The Caughnawaga Iroquois clamoured for his return, and on May 12, 1722 they formally petitioned Governor Philippe de Rigaud Vaudreuil and Intendant Michel Bégon to that effect. There were other grievances mentioned in the petition as well. The Iroquois felt that the proposed reestablishment of a French garrison in the settlement was an insult to their loyalty and a danger to their wives and daughters.

Rigaud feared that the Indians would abandon their alliance with the French and perhaps even go over to the English. It was Lauzon who had earlier prevented two-thirds of the Indians from moving away and settling within easy reach of the English, and therefore Rigaud urged the superior to send him back. In 1722 Lauzon returned to Sault St. Louis.

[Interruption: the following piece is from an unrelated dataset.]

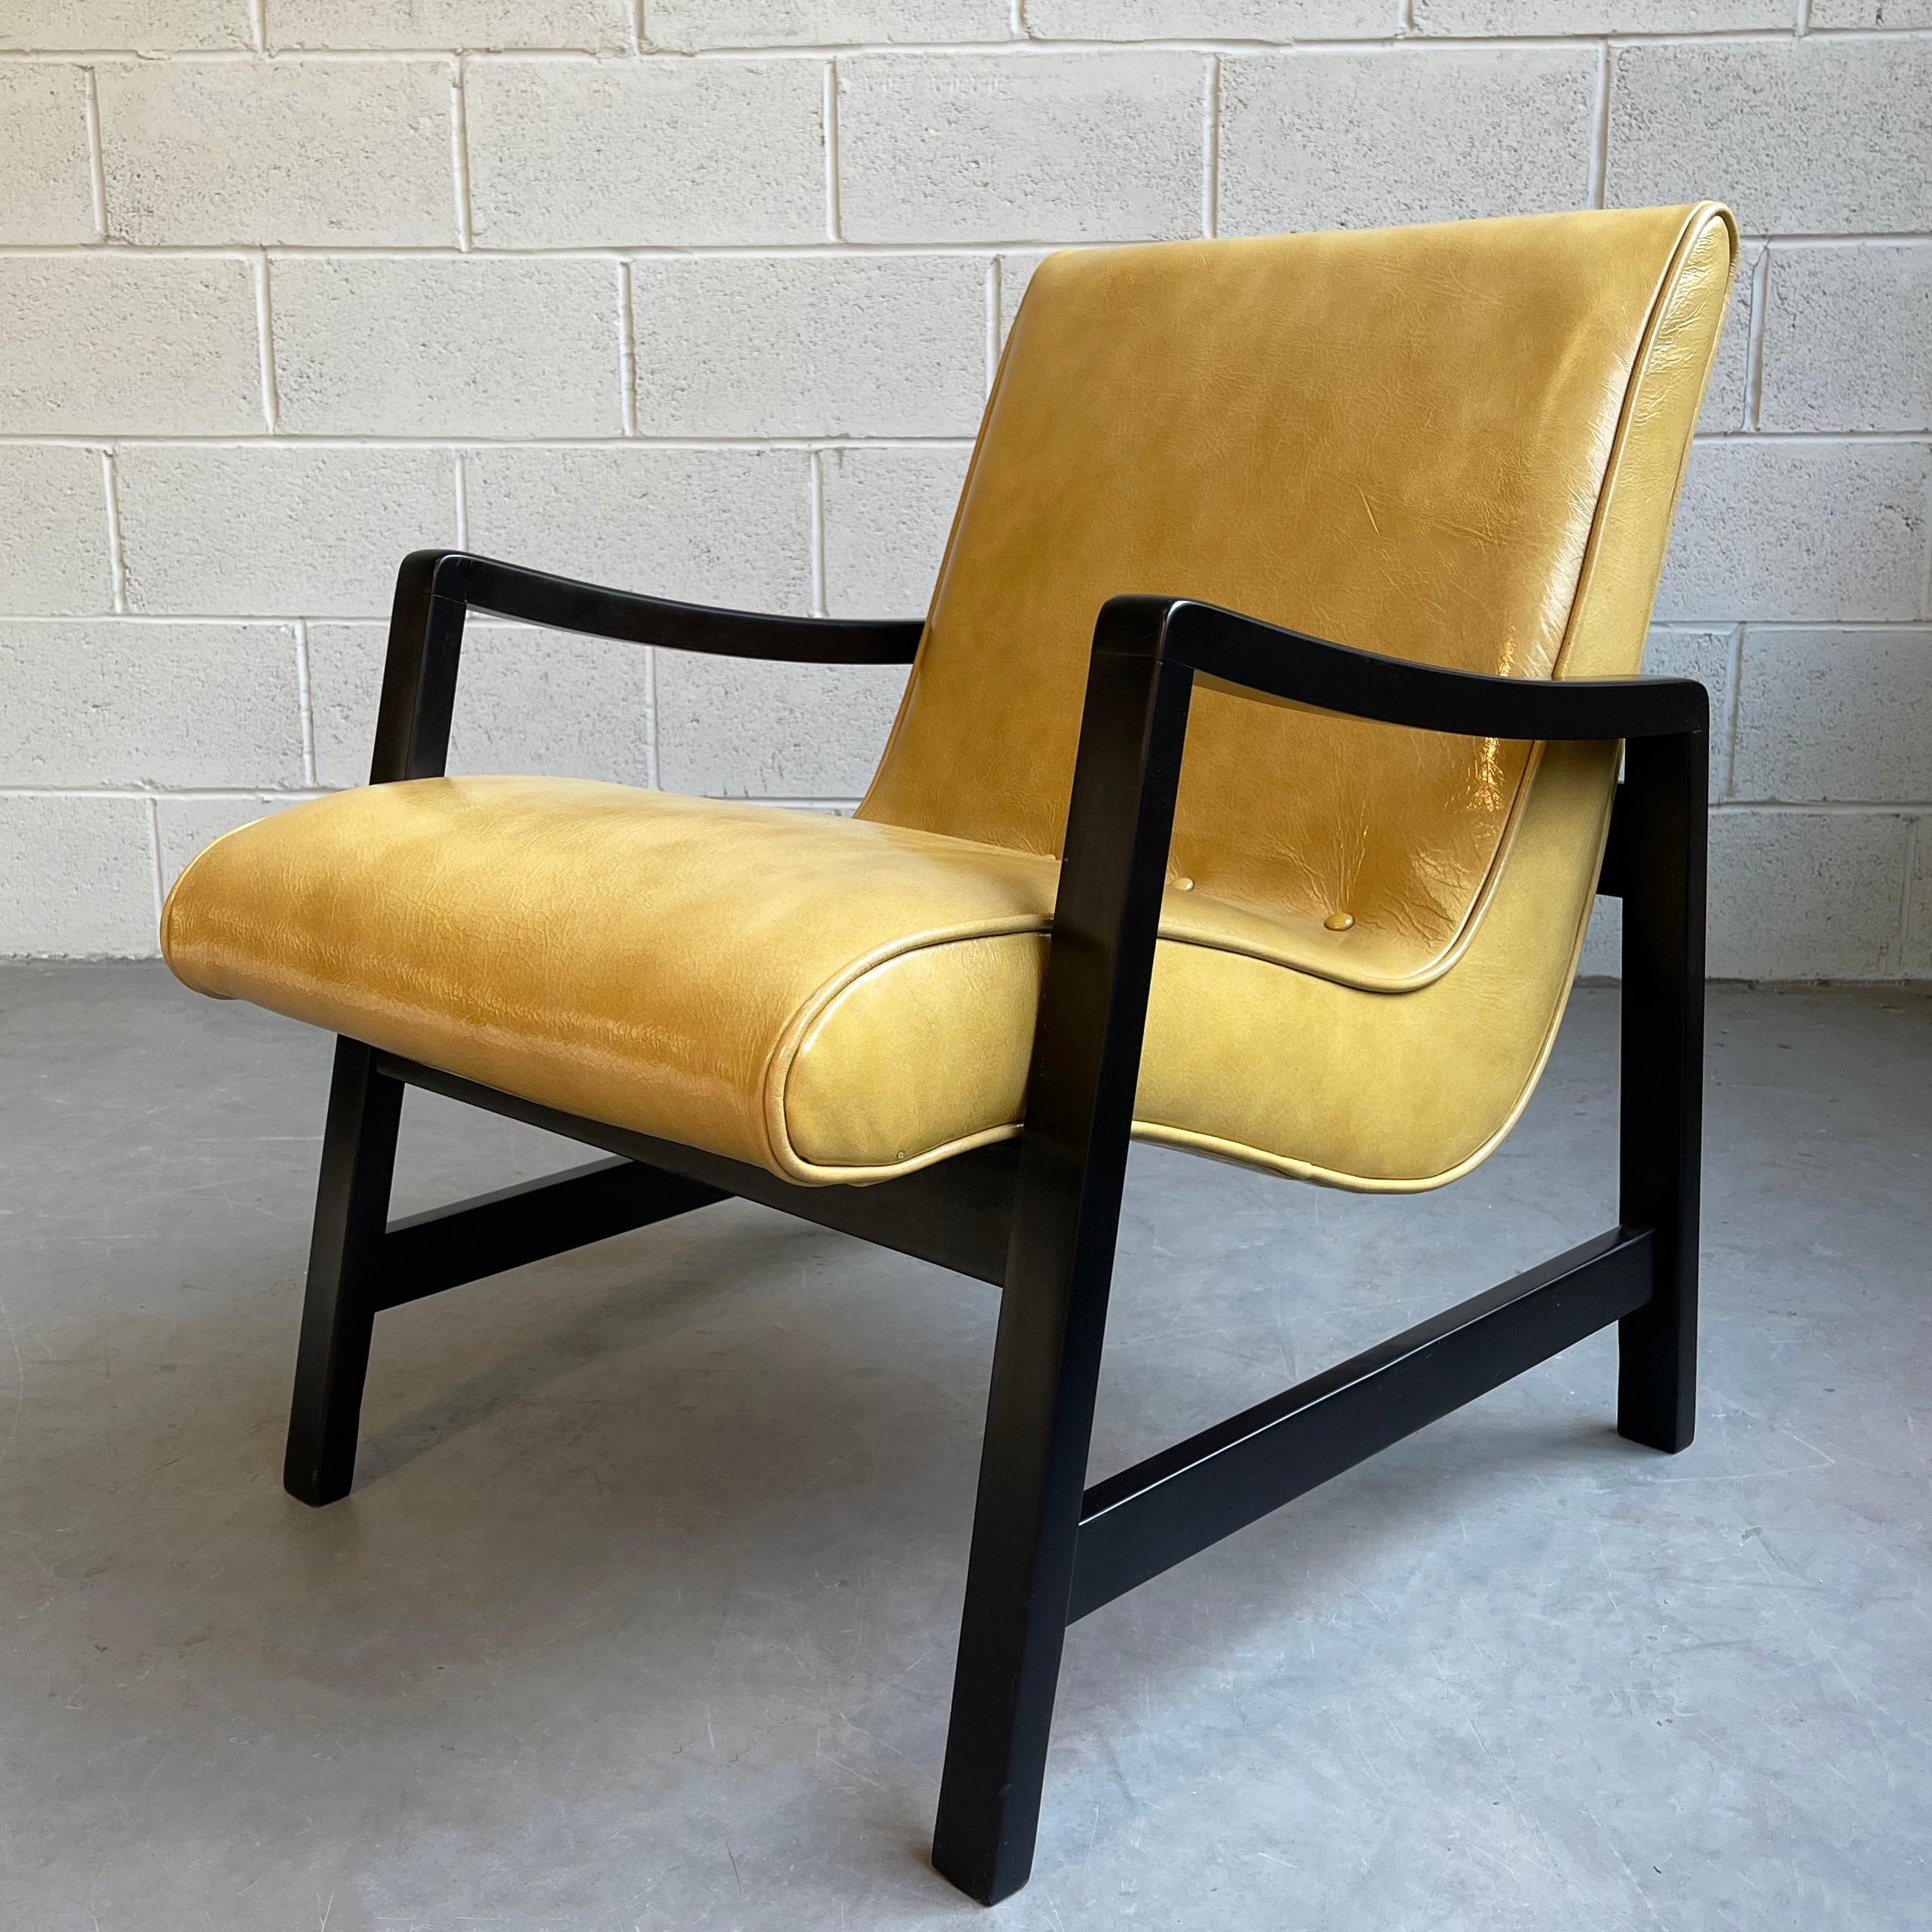 Der Mid-Century Modern Sessel von Jens Risom für Knoll besteht aus einem minimalistischen, schwarz lackierten Ahorngestell mit einer schwebenden Sitzfläche, die mit senfgelbem, strukturiertem Leder gepolstert ist.

==As superior of the Jesuit missions==
In 1723 he was named superior of the Caughnawaga mission, replacing Julien Garnier. The ability he displayed in governing during the nine succeeding years determined the general, Franz Retz, to place him in 1732 over the whole Canada mission. This, according to established custom in Canada, entailed the duties of rector of the college at Quebec. In September he took up his new offices, succeeding Jean-Baptiste Duparc.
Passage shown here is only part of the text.